Microsoft Outlook Can Be Hijacked to Deliver Poisoned Word Files

Businesses with eyes focussed firmly on Wednesday’s budget may have overlooked Microsoft’s late Tuesday monthly bundle of patches: if that was the case, it’s time to start paying attention — 26 critical CVEs need patching,

Despite the comparatively heavyweight Patch Tuesday — featuring fixes by Microsoft for 115 unique vulnerabilities — no publicly disclosed or known exploited vulnerabilities were reported this month. (As proof of concepts from security researchers start to emerge, naturally, exploits won’t be far behind.)

The majority of the CVEs this month are in the Windows OS (79 CVEs) or the browsers (18 CVEs), with some unusual exceptions.

Microsoft Word Vulnerability

Among the patches was one for CVE-2020-0852: a remote code execution vulnerability that exists in Microsoft Word software when it fails to properly handle objects in memory. The vulnerability affects Word 2016 and 2019.

Any remote attacker would need to convince their target to open a specially crafted file, with the Outlook Preview Pane the attack vector for the vulnerability. (The patch corrects how Microsoft Word handles files in memory.)

This, arguably, may be more hassle than its worth when a nicely crafted phishing email will likely do exactly the same thing, but it is one to watch out and may ultimately prove easier to slip past end-point detection software.

A Wormable RCE is Unpatched?

In one of the week’s odder security moments, Microsoft appeared to pull at the last minute a patch for a vulnerability in version 3.1.1 of the Server Message Block (SMB); a service used to share resources on local networks and over the Internet.

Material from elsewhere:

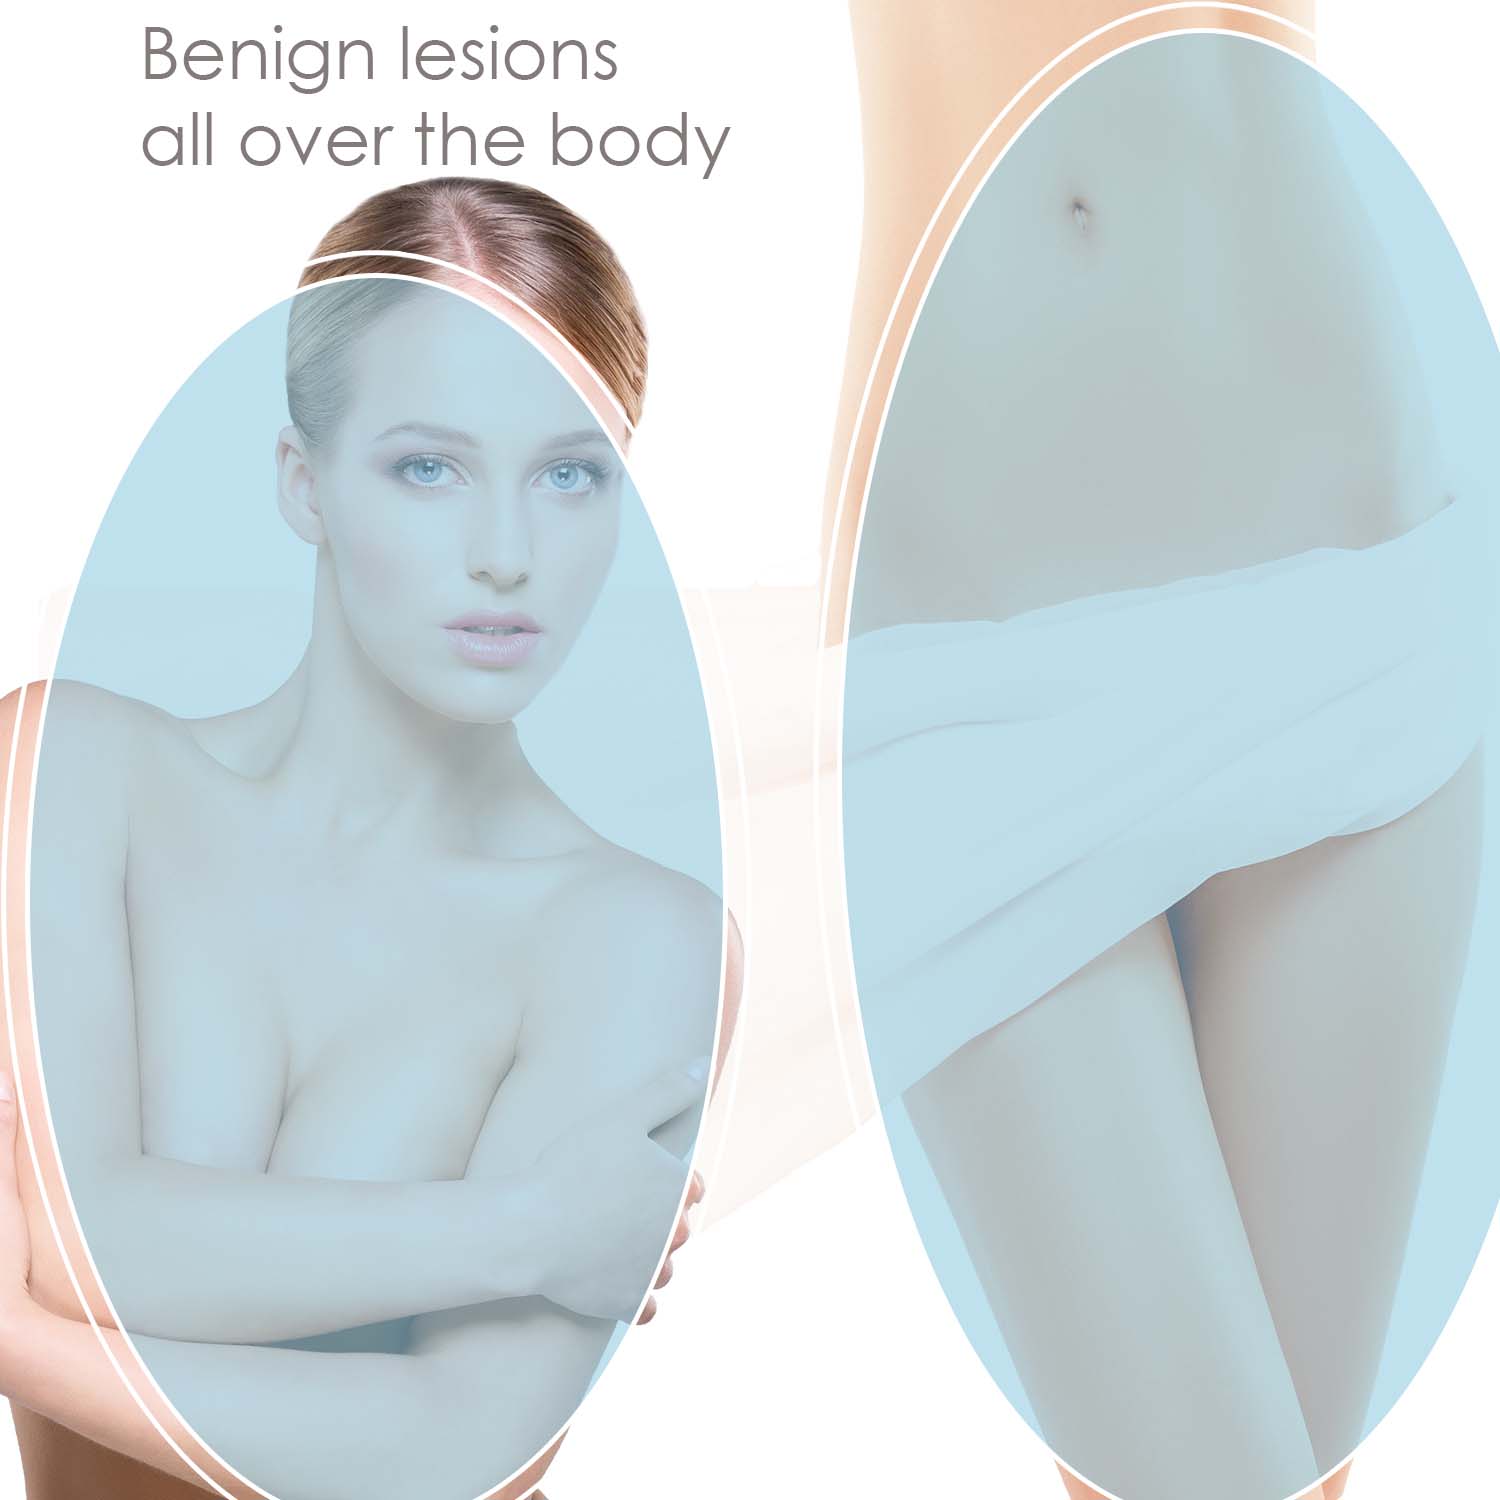 bening-lesion-thermocoagulation

Initially tracked as CVE-2020-0796 before a security advisory was pulled (two vendors published details, then also pulled them, suggesting Microsoft had made a last minute decision to push a patch back) Microsoft ultimately published security advisory ADV200005 and technical guidance after the accidental disclosure.

Microsoft has provided workarounds in its security advisory: including disabling SMBv3 compression and blocking the 445 TCP port on client computers and firewalls to prevent attackers from exploiting the vulnerability.

A Lot of Windows OS Bugs

Todd Schell, Senior Product Manager – Security at Ivanti, emphasised that Microsoft has has resolved several information disclosure vulnerabilities in the Windows OS this month in components such as GDI, Windows Graphics Component, Win32k, Windows Modules Installer Service, Windows Network Driver Interface Specification, and Connected User Experiences and Telemetry Service.

“These vulnerabilities could allow attackers to read from the file system, uninitialised memory, or even memory contents in kernel space from a user mode process. A couple of these vulnerabilities could also allow an attacker to collect information that could allow them to predict addressing of memory.”

Internet Explorer

Jay Goodman Strategic Product Marketing at automated cyber hygiene specialist Automox, suggested that CVE-2020-0847 was another one to watch out for. This is an RCE vulnerability in Internet Explorer caused by improper handling of memory in VBScript: a scripting language used by Microsoft that allows system admins to run powerful scripts and tools for managing endpoints.

Microsoft has also released servicing stack updates for most of the Windows OS versions. The only exceptions this month are Windows 10 version 1703, Server 2008 and Windows 7\2008 R2. In one oddity of the patch cycle, Microsoft announced a vulnerability for Remote Desktop Connection Manager (CVE-2020-0765), but states it does not plan to release an update to fix the issue.

The product has been deprecated. Their guidance is to use caution if you continue to use Remote Desktop Connection Manager, but Microsoft recommends moving to supported Remote Desktop clients.